Unless sooner terminated in accordance with this provision, this agreement
shall continue until October 31, 1995. It may thereafter be renewed from year
to year by mutual consent; provided that such renewal shall be specifically
approved at least annually by the Board of Directors of the Fund, or by vote of
a majority (within the meaning of the 0000 Xxx) of the outstanding voting
securities of the Fund. In either event, it must be approved by a majority of
those directors who are not parties to such agreement nor interested persons of
any such party, cast in person at a meeting called for the purpose of voting on
such approval. Such mutual consent to renewal shall not be deemed to have been
given unless evidenced by writing signed by both parties.
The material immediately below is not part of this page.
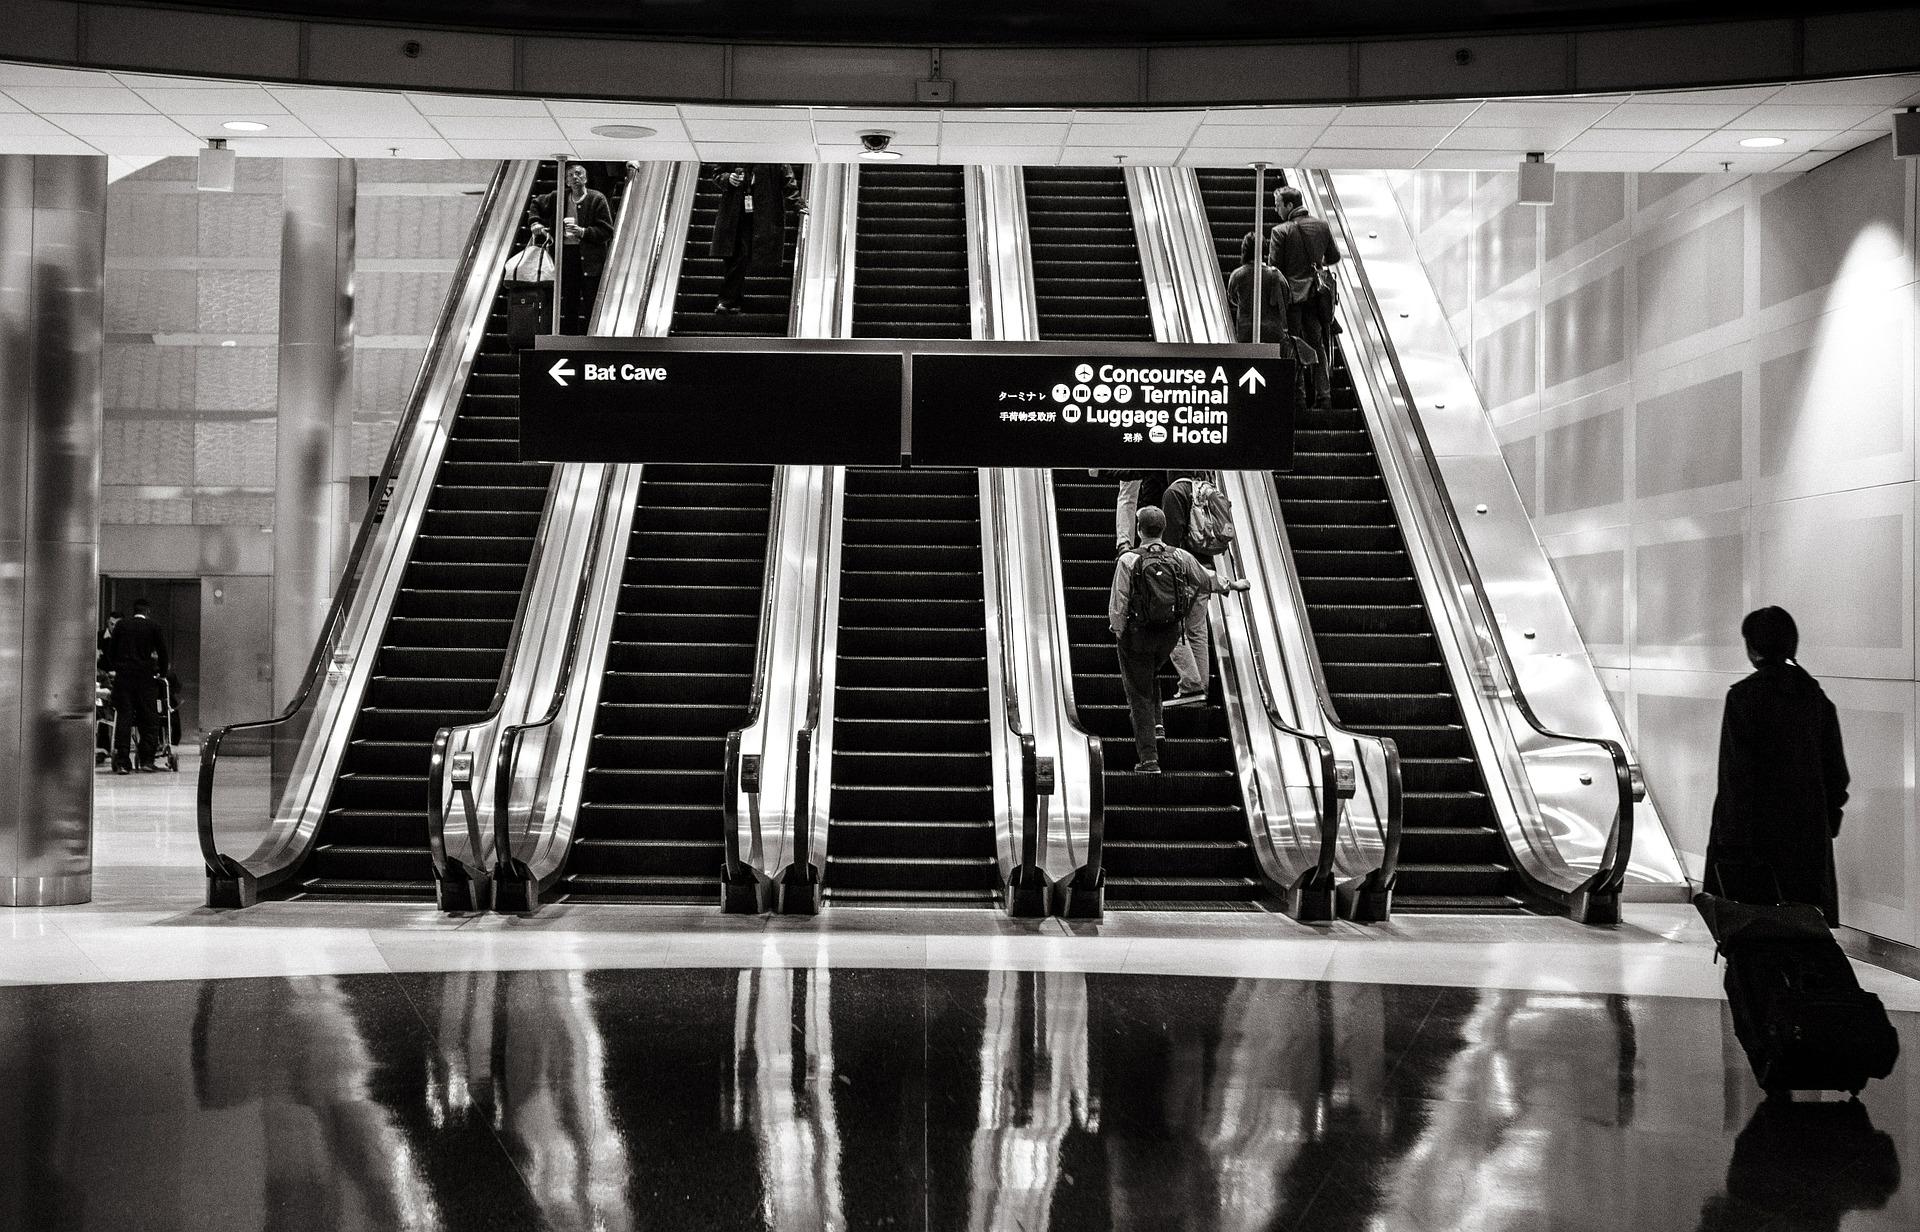 escalators-594463_1920

7. This agreement shall not be assignable by either party hereto,
and in the event of assignment (within the meaning of the 0000 Xxx) by the
Investment Adviser shall automatically be terminated forthwith. The term
"assignment" shall have the meaning defined in the 1940 Act.
8. Nothing contained in this Agreement shall be construed to
prohibit the Investment Adviser from performing investment advisory,
management, or distribution services for other investment companies and other
persons or companies, nor to prohibit affiliates of the Investment Adviser from
engaging in such business or in other related or unrelated businesses.
9. The Investment Adviser shall not be liable to the Fund or its
stockholders for any error of judgment, act, or omission not involving willful
misfeasance, bad faith, gross negligence, or reckless disregard of its
obligations and duties hereunder.
IN WITNESS WHEREOF, the parties hereto have caused this instrument to
be executed in duplicate original by their duly authorized officers.
CAPITAL INCOME BUILDER, INC. CAPITAL RESEARCH AND MANAGEMENT COMPANY
By /s/ Xxx X. Xxxxxxxx By /s/ Xxxxx X. Xxxxxxxx
Xxx X. Xxxxxxxx, Xxxxx X. Xxxxxxxx,
Chairman of the Board Vice Chairman of the Board
By /s/ Xxxxxxx X. Xxxxx By /s/ Xxxx X. Xxxxx, Xx.
Xxxxxxx X. Xxxxx, Xxxx X. Xxxxx, Xx.